Your instructions. Search the records for "Long". Copy every line where it appears.

Extracted entries.
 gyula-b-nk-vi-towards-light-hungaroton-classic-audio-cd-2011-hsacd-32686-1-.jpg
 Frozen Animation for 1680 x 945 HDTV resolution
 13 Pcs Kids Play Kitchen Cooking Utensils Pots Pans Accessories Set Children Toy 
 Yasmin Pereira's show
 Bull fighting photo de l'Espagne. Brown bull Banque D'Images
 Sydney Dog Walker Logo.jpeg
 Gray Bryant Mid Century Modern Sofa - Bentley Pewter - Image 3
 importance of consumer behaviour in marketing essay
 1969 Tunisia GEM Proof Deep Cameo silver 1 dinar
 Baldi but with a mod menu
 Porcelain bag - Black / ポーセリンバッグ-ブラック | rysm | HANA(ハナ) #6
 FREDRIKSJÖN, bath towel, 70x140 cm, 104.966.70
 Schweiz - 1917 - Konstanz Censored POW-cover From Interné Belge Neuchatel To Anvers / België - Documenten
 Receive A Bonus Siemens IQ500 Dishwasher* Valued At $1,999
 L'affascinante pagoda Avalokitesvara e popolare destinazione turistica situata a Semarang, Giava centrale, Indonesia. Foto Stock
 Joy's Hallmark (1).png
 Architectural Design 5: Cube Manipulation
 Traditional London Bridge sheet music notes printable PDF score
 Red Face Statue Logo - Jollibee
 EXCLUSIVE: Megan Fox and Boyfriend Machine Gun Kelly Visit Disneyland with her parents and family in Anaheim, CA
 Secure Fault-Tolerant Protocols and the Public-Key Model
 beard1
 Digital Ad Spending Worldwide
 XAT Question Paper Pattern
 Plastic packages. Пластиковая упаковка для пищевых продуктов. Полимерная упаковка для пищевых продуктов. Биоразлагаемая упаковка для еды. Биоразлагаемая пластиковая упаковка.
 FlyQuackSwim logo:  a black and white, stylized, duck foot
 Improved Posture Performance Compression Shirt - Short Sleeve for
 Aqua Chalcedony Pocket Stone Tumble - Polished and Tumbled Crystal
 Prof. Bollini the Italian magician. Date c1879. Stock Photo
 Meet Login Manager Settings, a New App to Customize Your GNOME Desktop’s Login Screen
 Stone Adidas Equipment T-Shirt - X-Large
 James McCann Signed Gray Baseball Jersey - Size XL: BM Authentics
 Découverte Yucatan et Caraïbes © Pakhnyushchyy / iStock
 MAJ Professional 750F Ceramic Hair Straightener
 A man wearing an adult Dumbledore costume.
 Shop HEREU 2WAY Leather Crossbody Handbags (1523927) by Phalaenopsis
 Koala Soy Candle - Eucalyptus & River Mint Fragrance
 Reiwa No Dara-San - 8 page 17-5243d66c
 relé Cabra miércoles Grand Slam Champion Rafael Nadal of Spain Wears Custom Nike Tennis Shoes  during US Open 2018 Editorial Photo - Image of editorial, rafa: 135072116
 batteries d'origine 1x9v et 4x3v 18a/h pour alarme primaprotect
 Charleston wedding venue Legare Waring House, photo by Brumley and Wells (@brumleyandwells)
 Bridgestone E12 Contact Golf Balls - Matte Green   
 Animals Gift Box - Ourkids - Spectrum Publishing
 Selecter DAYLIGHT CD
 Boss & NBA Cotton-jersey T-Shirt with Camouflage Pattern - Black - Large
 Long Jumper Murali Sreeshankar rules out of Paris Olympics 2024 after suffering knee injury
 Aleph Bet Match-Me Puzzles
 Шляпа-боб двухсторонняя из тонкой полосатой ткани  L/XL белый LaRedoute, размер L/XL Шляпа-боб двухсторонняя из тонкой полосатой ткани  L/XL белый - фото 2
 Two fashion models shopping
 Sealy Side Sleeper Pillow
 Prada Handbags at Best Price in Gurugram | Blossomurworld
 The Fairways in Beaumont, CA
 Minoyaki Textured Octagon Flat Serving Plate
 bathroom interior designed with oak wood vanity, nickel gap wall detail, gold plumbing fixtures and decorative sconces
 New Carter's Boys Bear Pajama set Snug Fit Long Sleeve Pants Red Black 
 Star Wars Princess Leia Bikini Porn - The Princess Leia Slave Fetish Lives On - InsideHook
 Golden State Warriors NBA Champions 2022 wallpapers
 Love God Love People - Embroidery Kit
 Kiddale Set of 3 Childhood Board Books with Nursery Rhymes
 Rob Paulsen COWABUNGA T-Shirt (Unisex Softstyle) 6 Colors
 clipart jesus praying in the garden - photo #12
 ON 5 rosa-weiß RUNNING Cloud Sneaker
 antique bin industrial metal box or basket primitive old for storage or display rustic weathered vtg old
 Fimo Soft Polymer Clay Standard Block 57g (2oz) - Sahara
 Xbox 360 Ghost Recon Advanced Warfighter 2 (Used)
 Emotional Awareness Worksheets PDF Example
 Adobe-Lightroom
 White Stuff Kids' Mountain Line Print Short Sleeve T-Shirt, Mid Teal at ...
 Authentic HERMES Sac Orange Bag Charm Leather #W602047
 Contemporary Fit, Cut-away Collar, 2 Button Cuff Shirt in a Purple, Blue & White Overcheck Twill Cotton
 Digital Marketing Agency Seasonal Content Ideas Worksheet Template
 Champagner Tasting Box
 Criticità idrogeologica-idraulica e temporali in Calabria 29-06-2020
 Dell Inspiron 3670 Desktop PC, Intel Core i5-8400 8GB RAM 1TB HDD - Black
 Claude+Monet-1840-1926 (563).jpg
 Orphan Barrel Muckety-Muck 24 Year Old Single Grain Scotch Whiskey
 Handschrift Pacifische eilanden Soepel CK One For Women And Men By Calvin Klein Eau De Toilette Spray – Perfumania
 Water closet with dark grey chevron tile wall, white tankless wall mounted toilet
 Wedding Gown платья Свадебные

Response to the exercise.
 Long Jumper Murali Sreeshankar rules out of Paris Olympics 2024 after suffering knee injury
 New Carter's Boys Bear Pajama set Snug Fit Long Sleeve Pants Red Black 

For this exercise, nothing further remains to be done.